(Requirement) Within the records that follow, restate exactly the lines from the line with "These cufflinks feature" down to the line with "These beautiful diamonds", including both. Omit the pictures.
**** Records provided ****
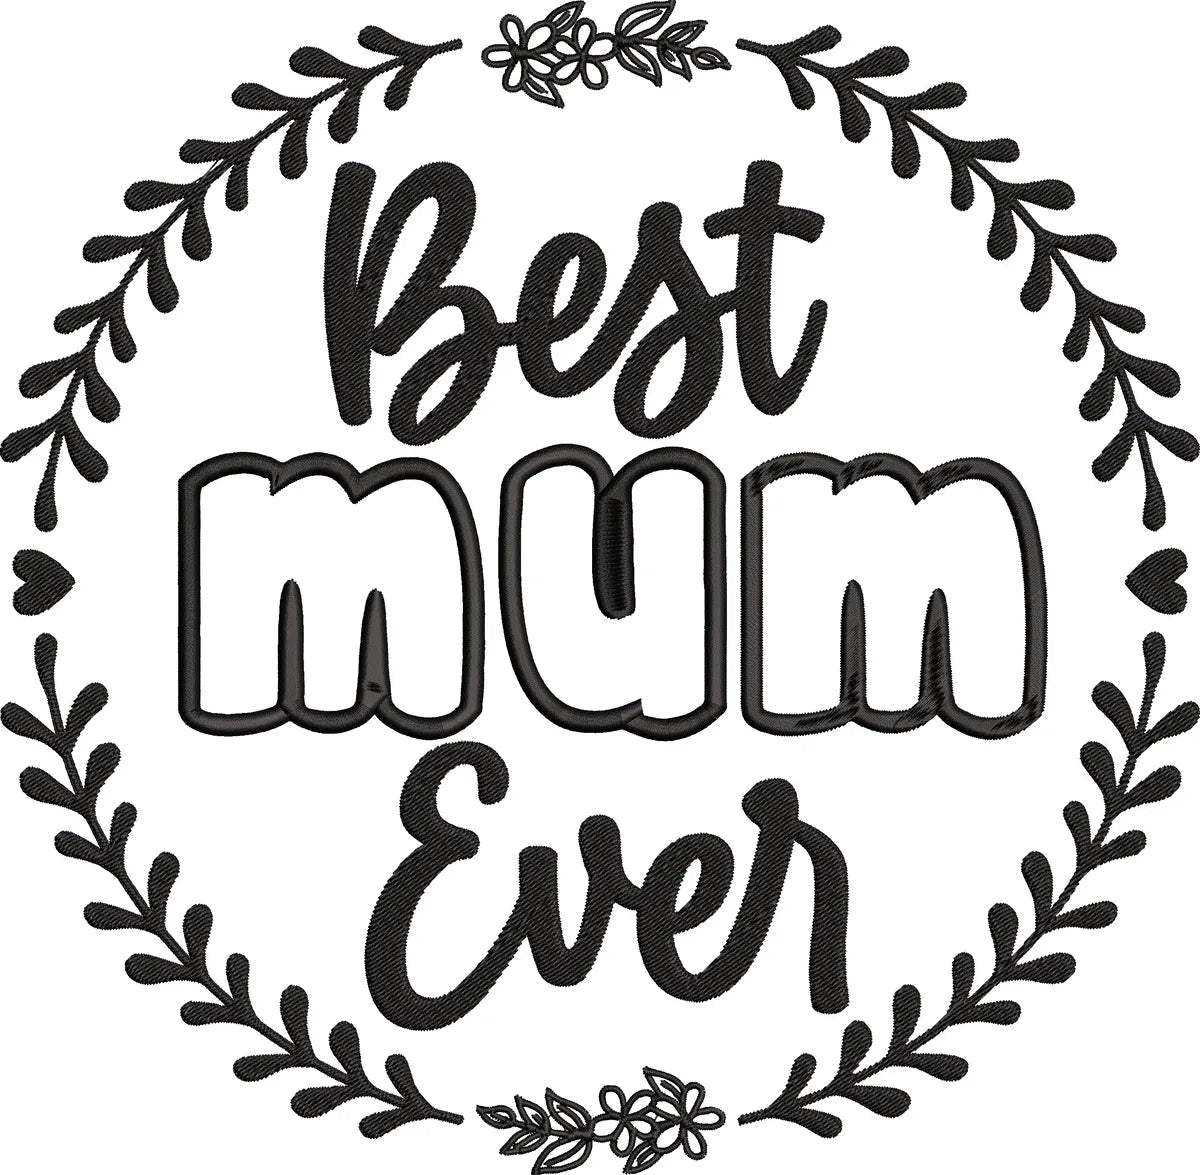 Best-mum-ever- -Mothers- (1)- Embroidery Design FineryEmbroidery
****
**** Records provided ****
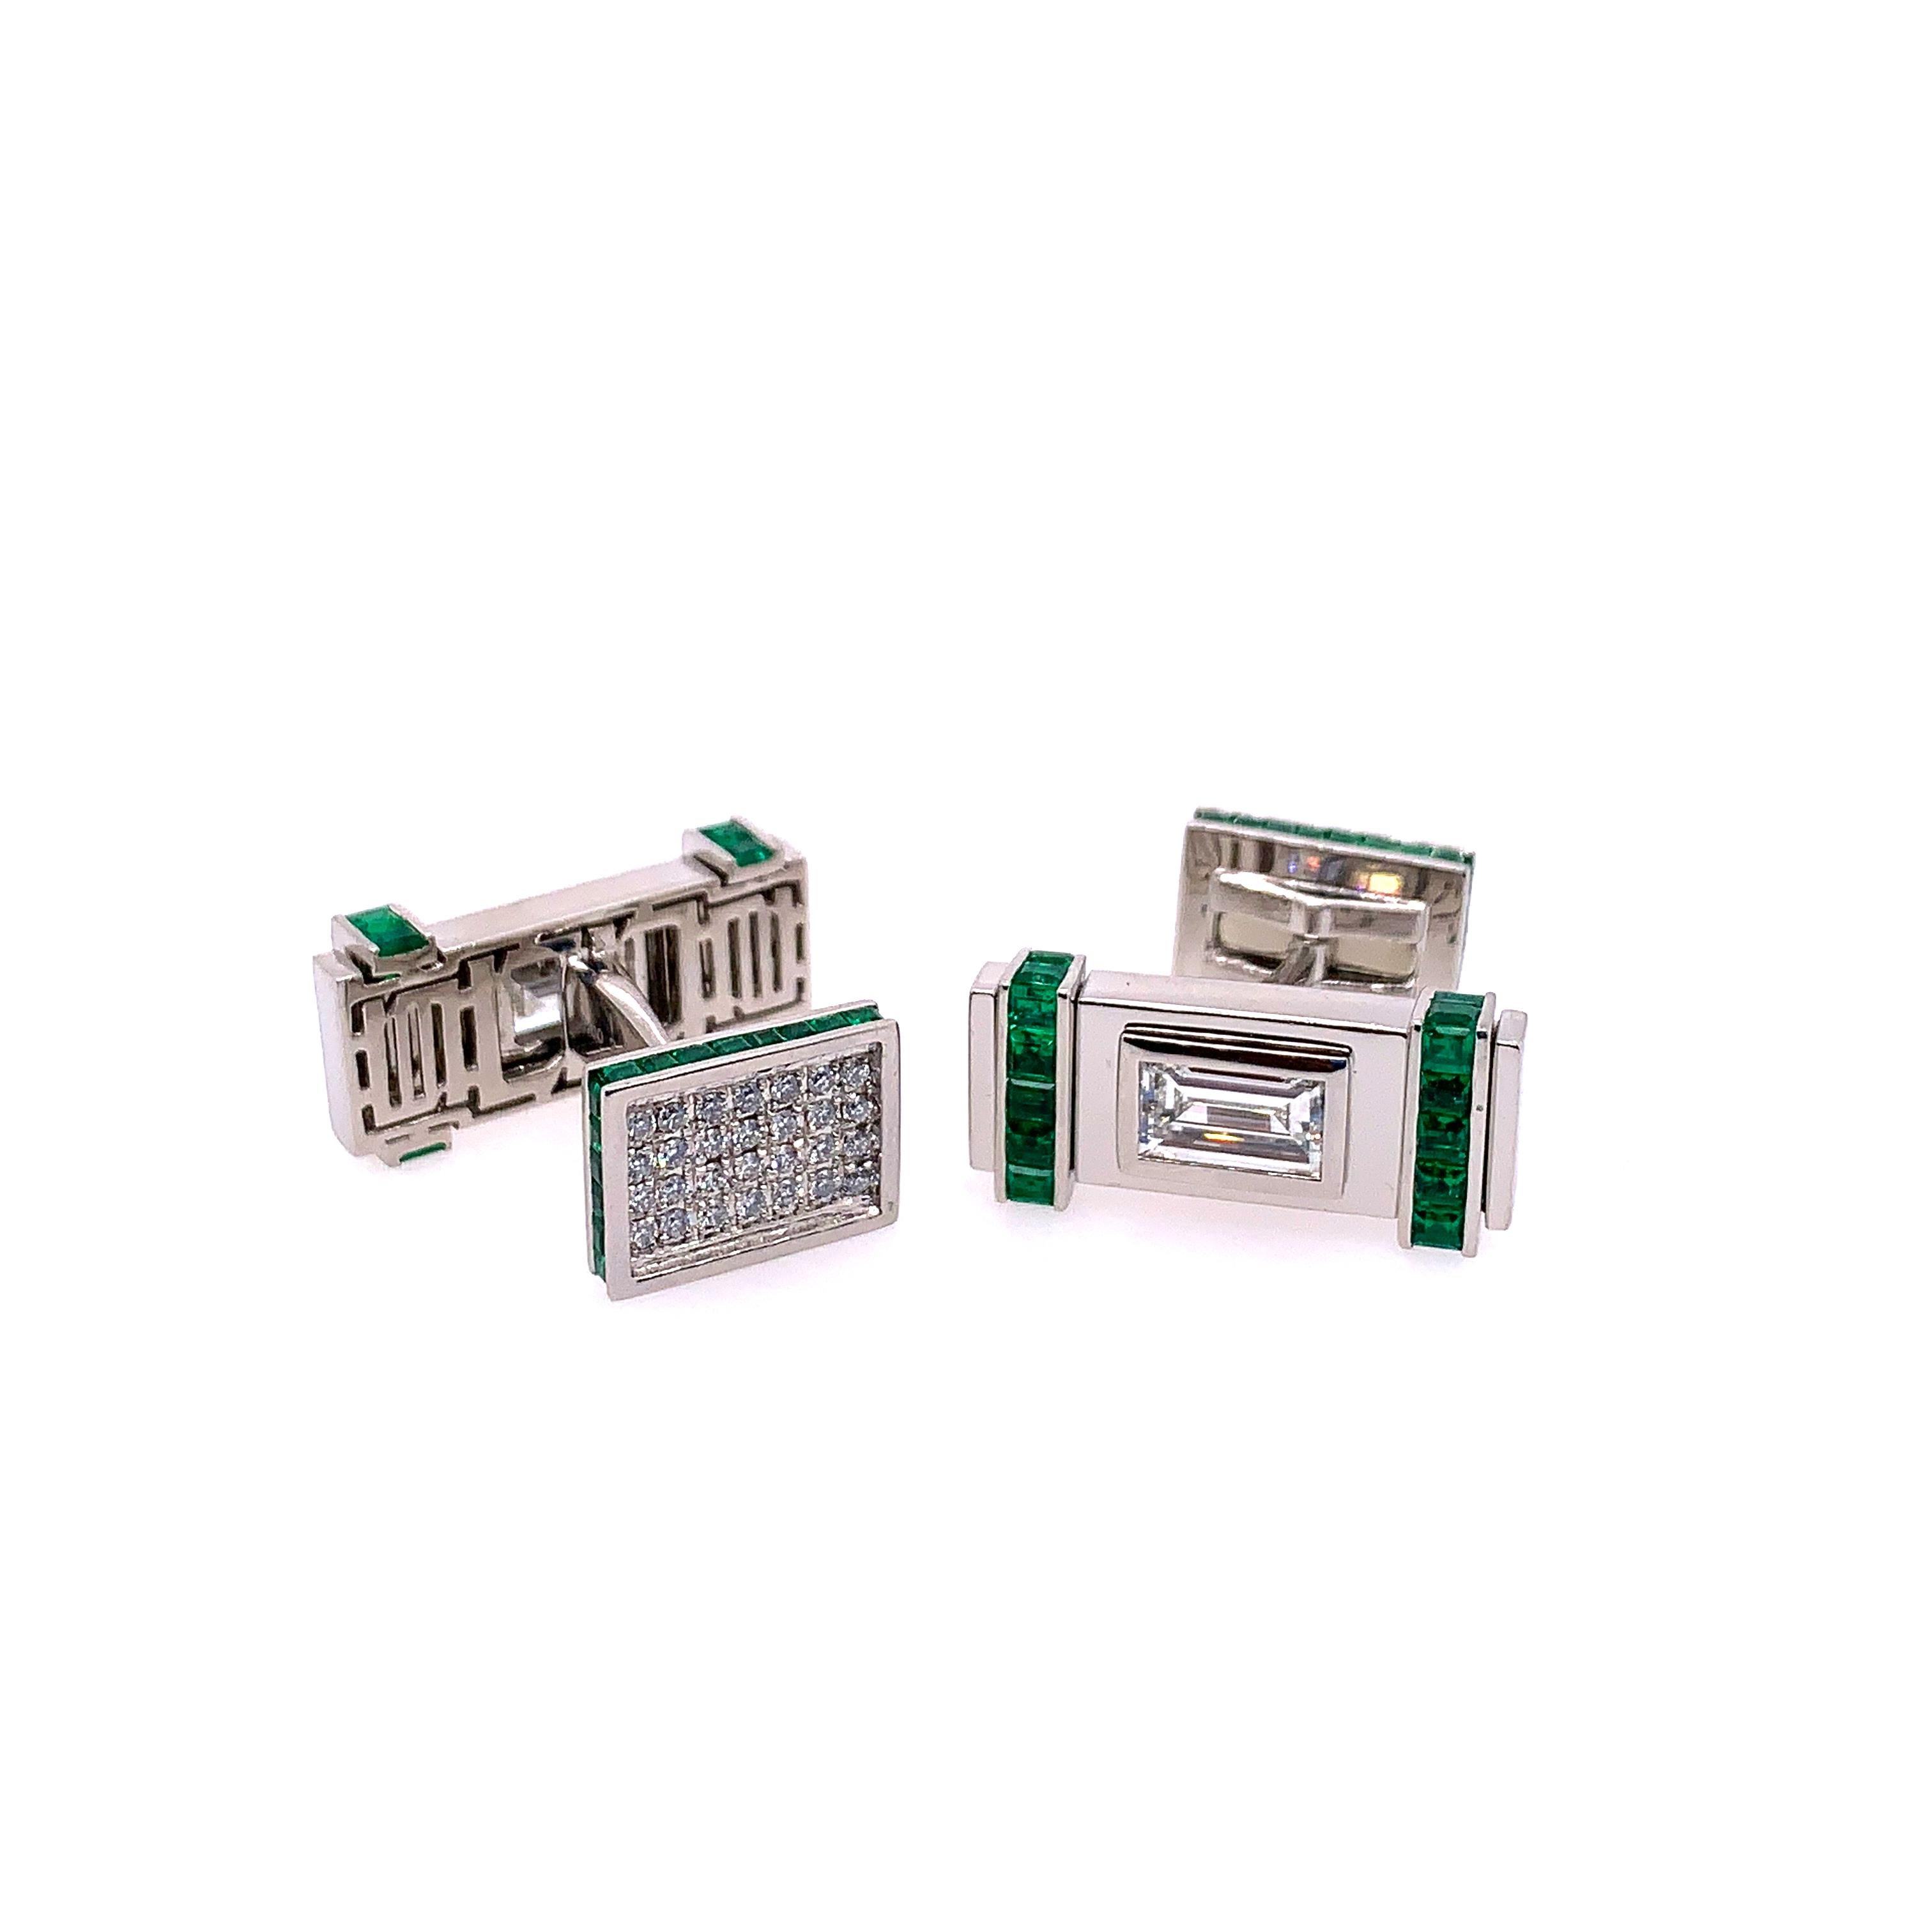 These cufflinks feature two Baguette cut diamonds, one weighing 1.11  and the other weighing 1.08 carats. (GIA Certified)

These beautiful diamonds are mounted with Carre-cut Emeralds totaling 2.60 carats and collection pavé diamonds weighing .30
****
(Solution)
 These cufflinks feature two Baguette cut diamonds, one weighing 1.11  and the other weighing 1.08 carats. (GIA Certified)

These beautiful diamonds are mounted with Carre-cut Emeralds totaling 2.60 carats and collection pavé diamonds weighing .30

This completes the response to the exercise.